Relevansi meniru keteladanan Rasulullah SAW di Tahun Politik ini menemukan momentumnya ketika umat islam terpolarisasi dalam kegiatan dukung mendukung dua pasangan calon presiden, dan membuat umat terfragmentasi bahkan terpolarisasi hingga tingkat bawah. Menurut Azyumardi Azra, dalam tahun politik ini tidak boleh sekelompok umat Islam merasa paling Islami dan lebih Islami dari kelompok lain, sehingga mengakibatkan sikap dan perilaku ekslusif, bahkan metup diri dengan kelompok lain

Padahal umat Islam wajib mengembangkan semangat ukhuwah (persaudaraan) baik persaudaraan dalam konteks keagamaan, kebangsaan dan kemanusiaan. Untuk menghadapi tahun politik ini, umat Islam juga perlu mengembangkan pendekatan akhlakul karimah. Hal ini sesuai dengan spirit Nabi bahwa beliau diutus tidak lain untuk menyempurnakan akhlak yang mulia. 

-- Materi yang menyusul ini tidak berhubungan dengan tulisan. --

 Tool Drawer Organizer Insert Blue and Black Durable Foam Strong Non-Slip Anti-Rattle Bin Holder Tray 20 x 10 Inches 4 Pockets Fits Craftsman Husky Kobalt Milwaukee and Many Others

Pendekatan semangat ukhuwah dan akhlak sangat penting karena kebangkita Islam di dunia internasional diharapkan muncul dari bumi Indonesia, bukan negara lain. mengapa? karena kondisi dan kehidupan umat Islam Indonesia sangat rukun, damai, tenteram, moderat.  Berbeda dengan kondisi umat di negara lain, yang dalam kondisi konflik sosial, peperangan, dan lainnya sehingga mereka tidak bisa diharapkan bisa menjadi mercusuar peradaban dunia

Oleh sebab itu, tugas umat Islam di Indonesia harus meneladani perilaku Rasul untuk memperkuat negara bangsa (nation state), bukan malah menghancurkannya. penguatan negara bangsa di antaranya bisa dilakukan dengan memperkuat etos kerja, etos belajar umat sehingga bisa berdampak terhadap kesejahteraan umat. 

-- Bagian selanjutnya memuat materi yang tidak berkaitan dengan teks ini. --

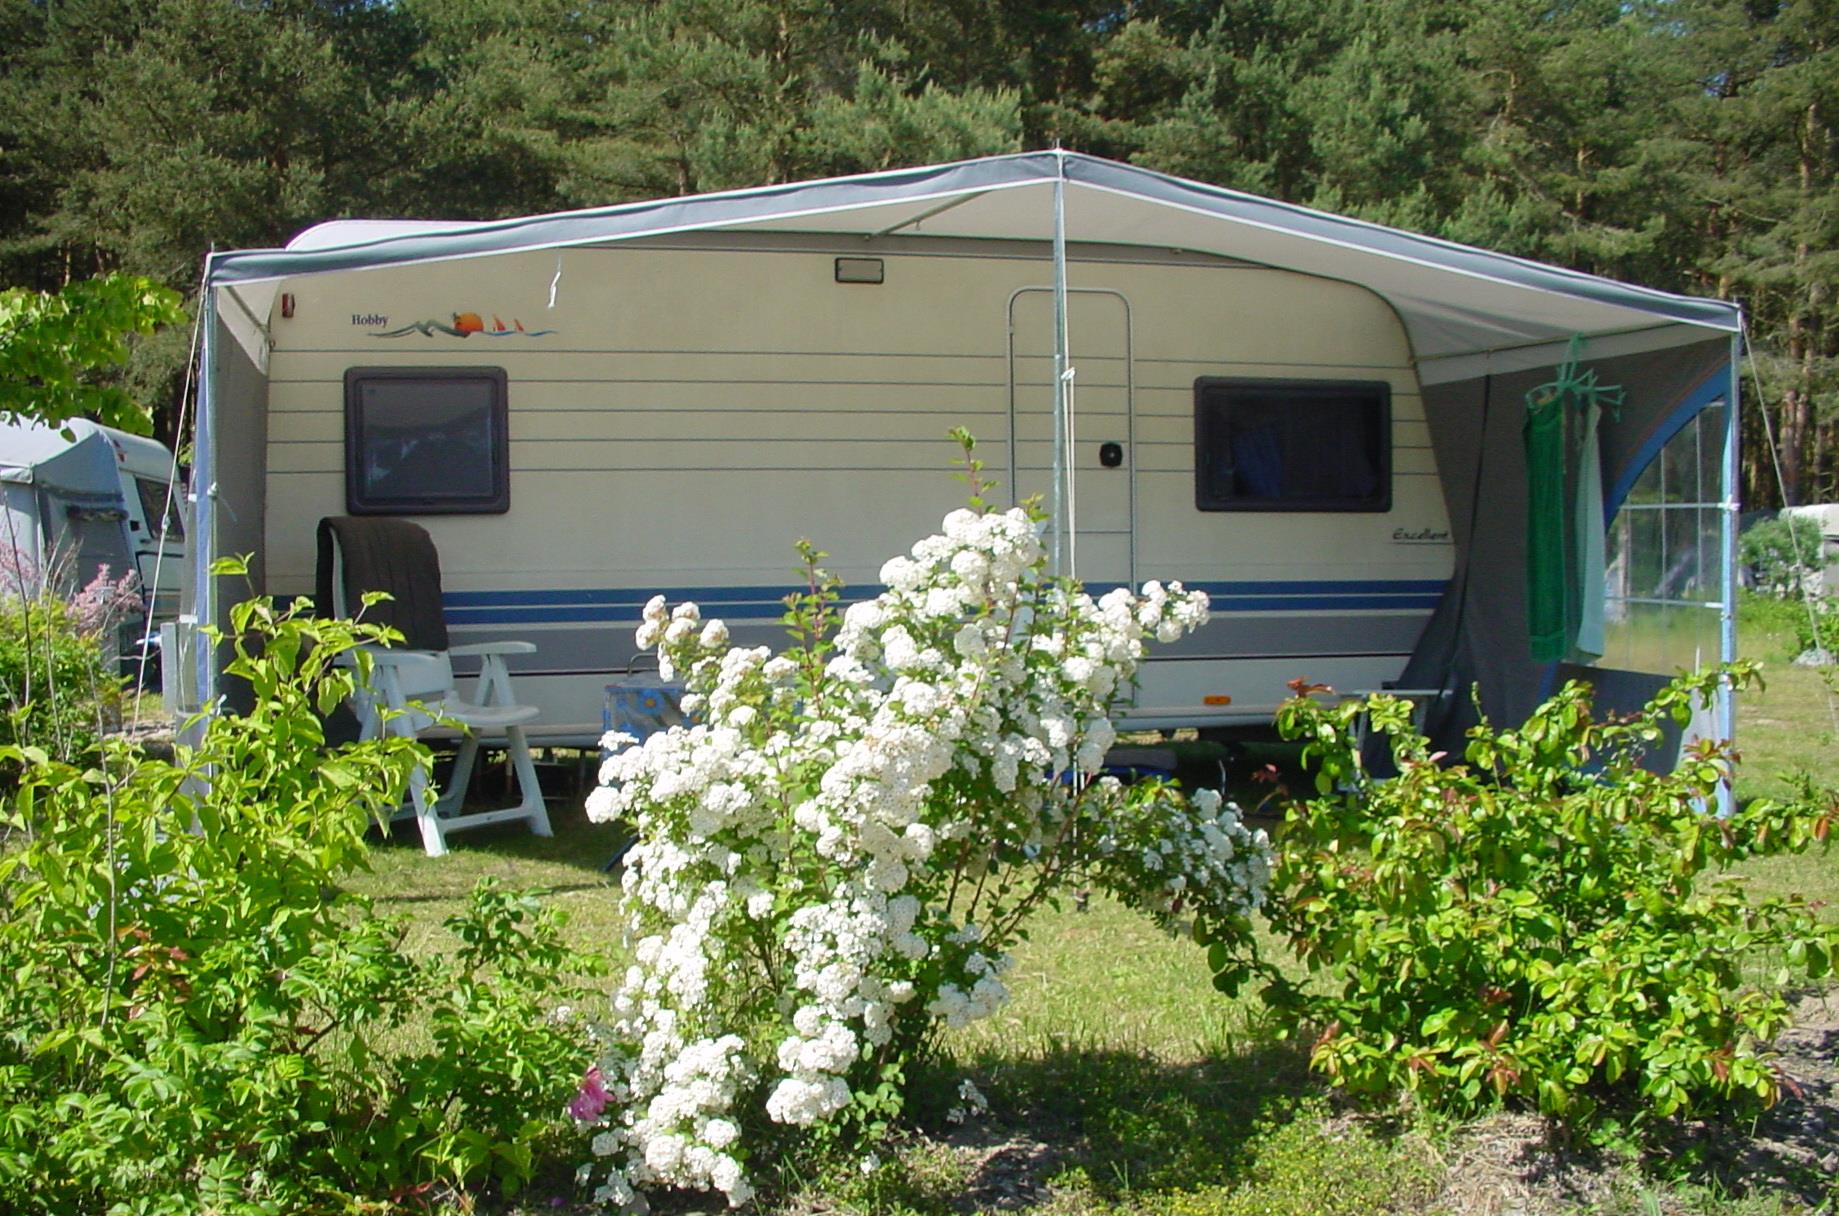 Pitch - Pitch Comfort - Natur Camping Usedom

Hanya saja pengembangan Etos Islam sekarang ini menghadapi kendala strutkural, diantaranya masih belum berpihaknya sektor kelembagaan keuangan syariah terhadap sektor informal umat, dalam melakukan pembiayaan dan pemberdayaan ekonomi umat. pelaku bisnis sektor mikro dan sektor informal, masih dianggap belum cukup bankable, sehingga belum bisa memperoleh bantuan pembiayaan ekonomi. Akibatnya etos umat tidak tumbuh berkembang. 

Inilah tantangan besar kedepan yang harus dituntaskan dalam mendorong peningkatan Etos Umat, sehingga mampu mendorong akselerasi peran umat dalam pertumbuhan ekonomi dan kesejahteraan sekaligus peran umat dalam meningkatkan semangat ukhuwah, pendekatan akhlakul karimah untuk memperkuat integrasi bangsa dalam menghadapi tahun politik.